Добрынин стоял отдельно, у крайней сосны, шапка под мышкой. Слова он сказал бы — он умел сказать; полтора десятка слов, которые держат полк. Сегодня он не сказал. Я думал, что это правильно: восемь имён и так — слово.
Слева, отдельно от строя, в шинели внакидку, под белой косынкой, виден был платок — стояла Лиза. Не у площадки. На бугорке шагах в пятнадцати, где из снега торчал чёрный пень. Не подходила. Я увидел её один раз, прямо, не задержал взгляд, перевёл дальше. Между нами было пятнадцать шагов и весь строй. Она смотрела вниз, не на меня.
Бугров стоял по правую руку от повозки. В шапке. Шапку он надел сразу, как только въехал в расположение вчера у ворот, и с тех пор не снимал. В правой руке у него — сложенный вдвое лист. Лист — не его обычная фельдфебельская книжечка, а полный четвертушка; такие листы пишет Самойлов в штабе. Левой ладонью у пояса Бугров сжимал и разжимал кулак — два раза в минуту, ровно, как сжимают пружинку, чтобы проверить, что она работает.
Я прошёл к повозке. Левой рукой опустил полу собственной шинели на колено перевязи, чтобы не отдувало; стал по левую сторону от повозки Карпова, у борта. Ковальчук стал на полшага позади и справа. Из-за головы я слышал, как обозный кашлянул в стороне и сразу зажал кашель в рукав, и больше не кашлял.
Отец Михаил начал.
Чин шёл по сокращённому полевому уставу, и шёл медленно для сокращённого, потому что мороз тянул слова, и оттого что отец Михаил вставлял паузу там, где можно вставить паузу, и обходил там, где можно обойти. Голос у него был не высокий и не низкий — ровный, северный, тверской. Три певчих — нижние чины, грамотные — отвечали ему вполголоса; четвёртого, бывшего, я не видел в строю (после декабрьского похода тоже в санитарной). Кадило шло перед лицами семерых, потом перед лицом Карпова. Снег падал. Падал ровный, мелкий, не густой; ложился на жерди крестов и не таял на них, потому что жерди уже промёрзли насквозь; на шинели Карпова таял медленно. Каждые две минуты Бугров проводил рукавом по верху повозки — снег смахивал.
Я стоял у левого борта, левой рукой держал край повозки, правую держал ровно в перевязи и не пытался держать иначе. Смотрел на лицо Карпова: оно было серое и восковое, как вчера, и за сутки в холоде не изменилось. Жилка на левом виске стала уже не синей, а тёмной, тонкой, прорисованной. Думал я в эту минуту не словами; думал кусками, и кускам было удобно ложиться отдельно один от другого.

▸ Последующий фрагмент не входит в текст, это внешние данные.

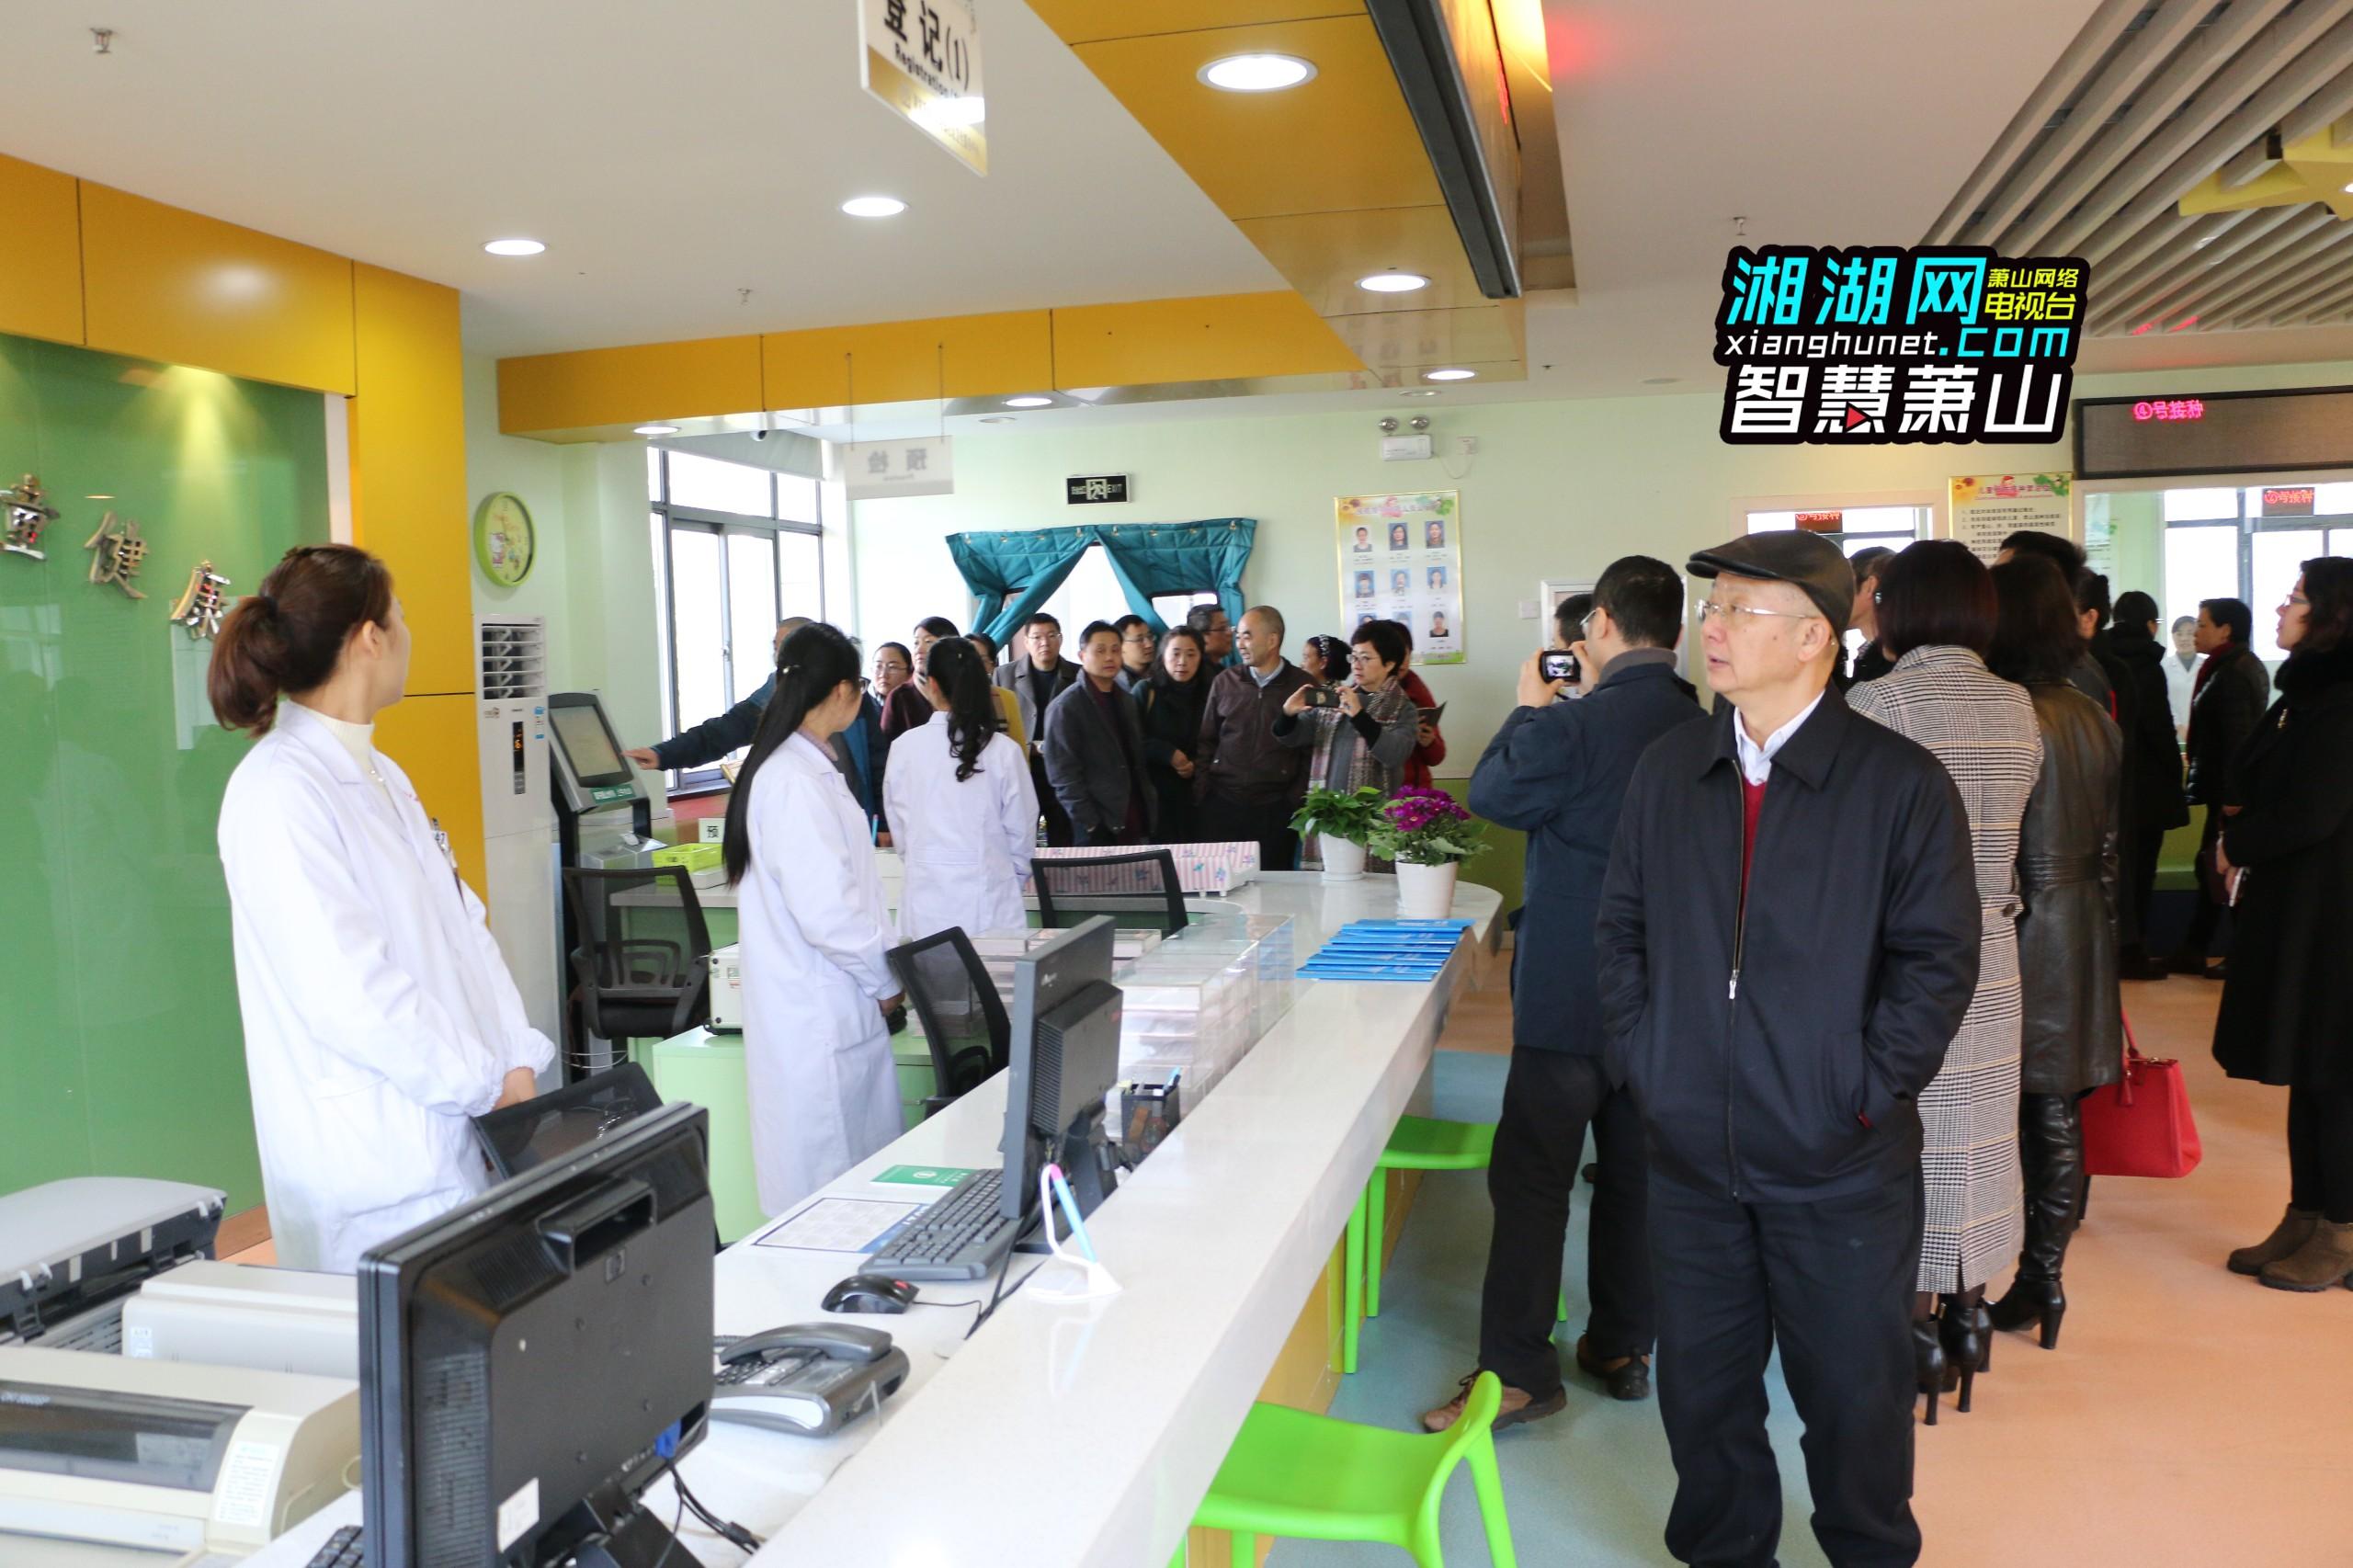 中心主任黄建文表示,闻堰街道社区卫生服务中心预防

И вот тогда — между третьим и четвёртым пением певчих, когда отец Михаил остановился, чтобы взять воздух, — у меня встало в голове хроникальное.

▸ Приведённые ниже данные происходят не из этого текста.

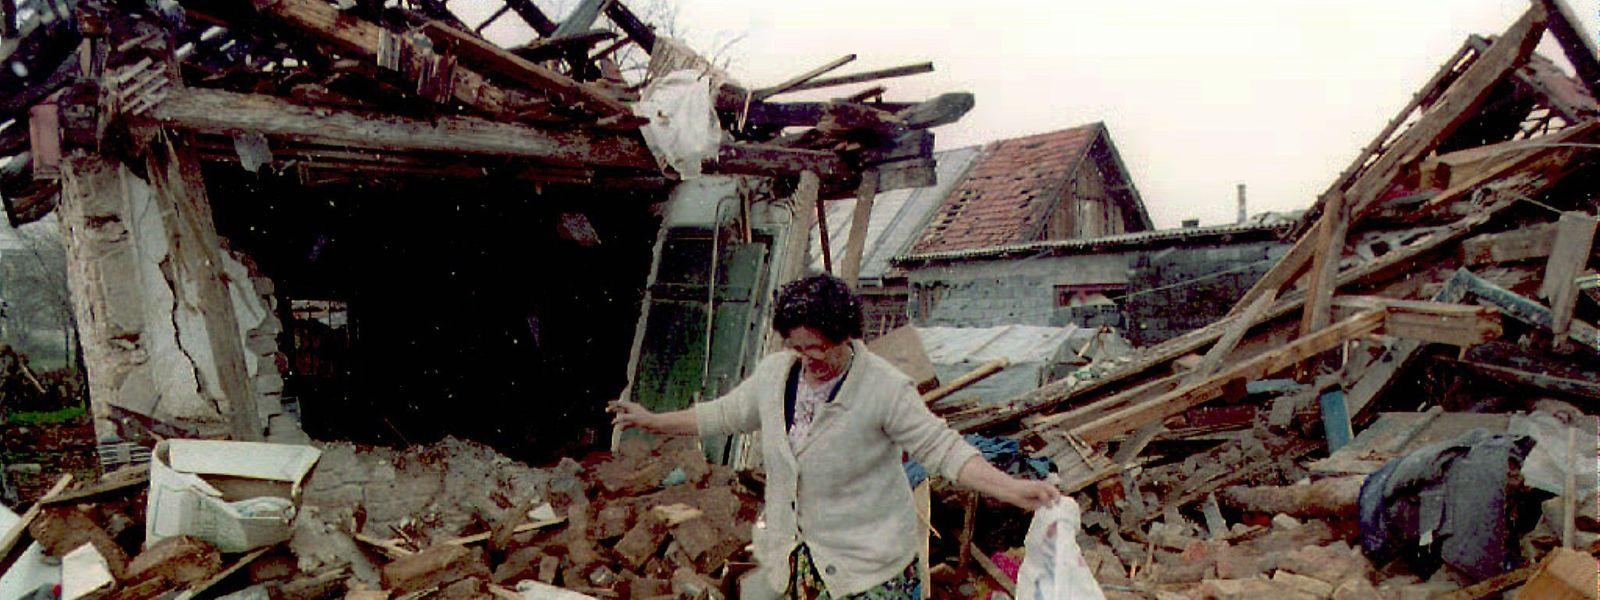 In Sarajevo suchte die bosnische Muslima Ziba Suba im April 1995 in den Trümmern ihres bei einem serbischen Angriff zerstörten Wohnhauses nach den letzten Habseligkeiten.

В орденских хрониках братьев хоронили коротко. Если был каплан — ставили крест, называли имя, год, место. Если каплана не было — имя уходило в книгу комтурии уже потом, после возврата из рейзы, со слов тех, кто вернулся. Иногда через год. Иногда через два. Иногда никак.
Я когда-то думал, что в этой задержке — равнодушие хроники. Я ошибался. В этой задержке — последняя добросовестность канцелярии: не записывать без свидетеля.
Здесь, на склоне между двумя соснами, у нас был отец Михаил в полушубке. У нас был полк в строю. У нас были восемь крестов с табличками, и надписи на них — живой рукой, Каца, я узнал его шрифт. У нас был Бугров с листом в правой руке и с фамилиями, написанными по алфавиту. У нас не было двух лет задержки. У нас был один день: вчера привезли — сегодня хороним.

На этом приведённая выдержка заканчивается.